» WHAT IS REQUIRED
Transcribe only the lines in the data below falling between the line with "AARON'S Lawn Care" and the line with "BIWHALE silicone spatula", including those two lines, and leave out any picture.

RECORDS PROVIDED START

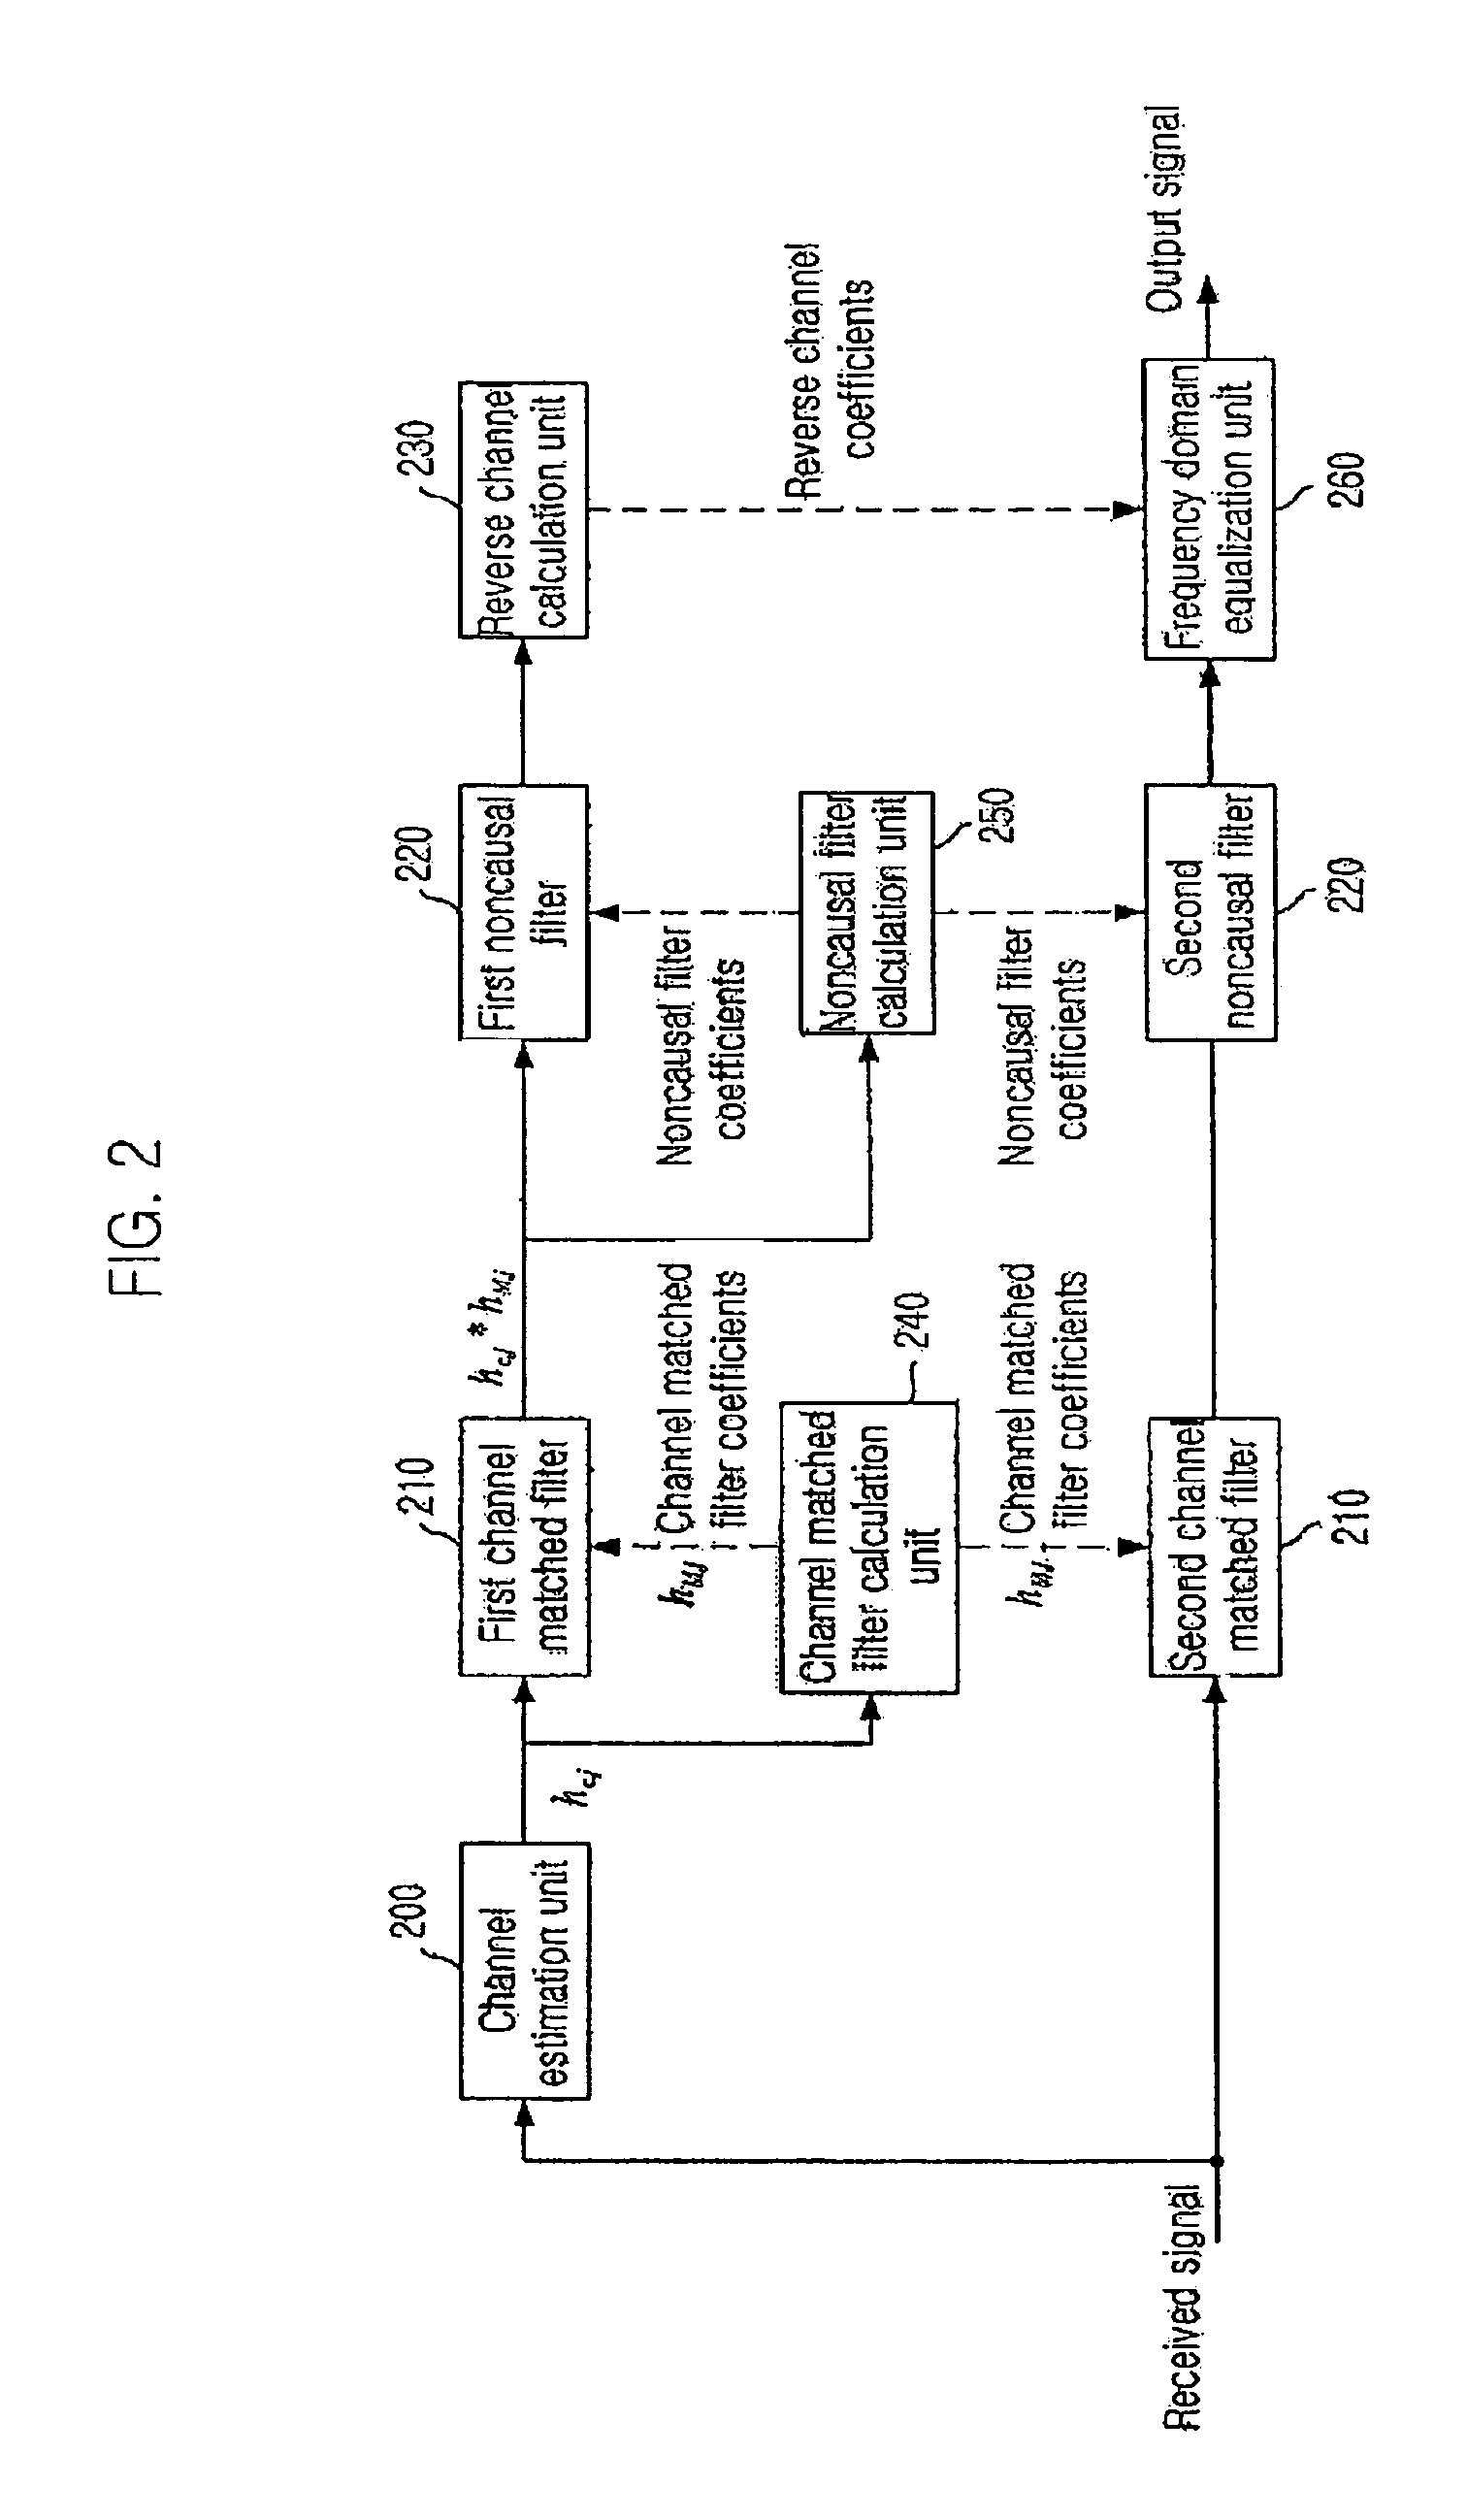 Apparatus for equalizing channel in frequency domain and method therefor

RECORDS PROVIDED END
RECORDS PROVIDED START

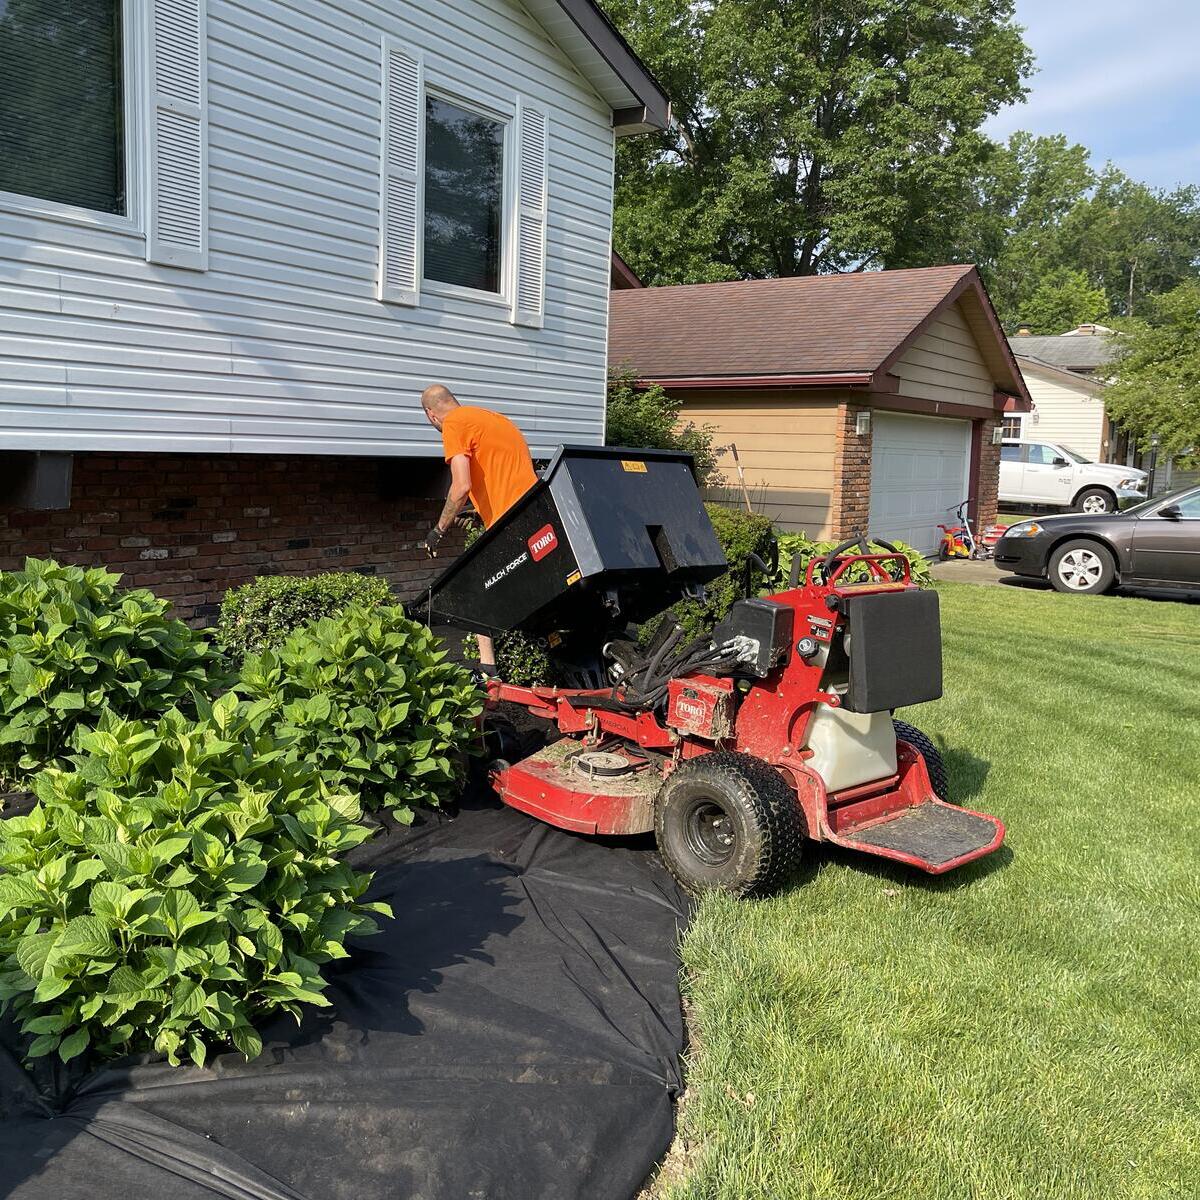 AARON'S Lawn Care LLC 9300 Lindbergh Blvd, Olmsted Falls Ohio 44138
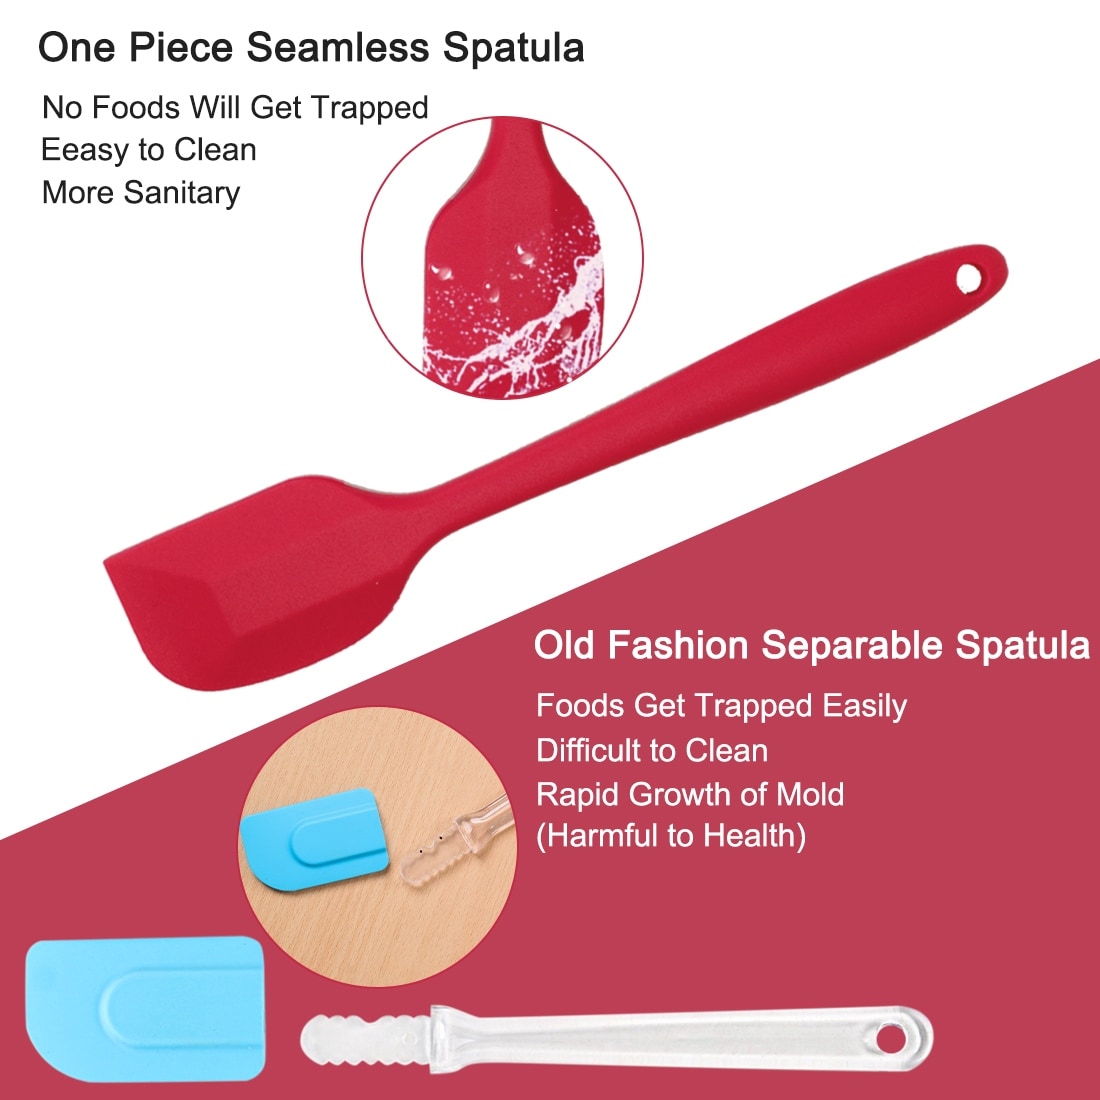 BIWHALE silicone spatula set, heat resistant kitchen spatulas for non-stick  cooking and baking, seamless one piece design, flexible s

RECORDS PROVIDED END

» RESPONSE BOX
 AARON'S Lawn Care LLC 9300 Lindbergh Blvd, Olmsted Falls Ohio 44138
 BIWHALE silicone spatula set, heat resistant kitchen spatulas for non-stick  cooking and baking, seamless one piece design, flexible s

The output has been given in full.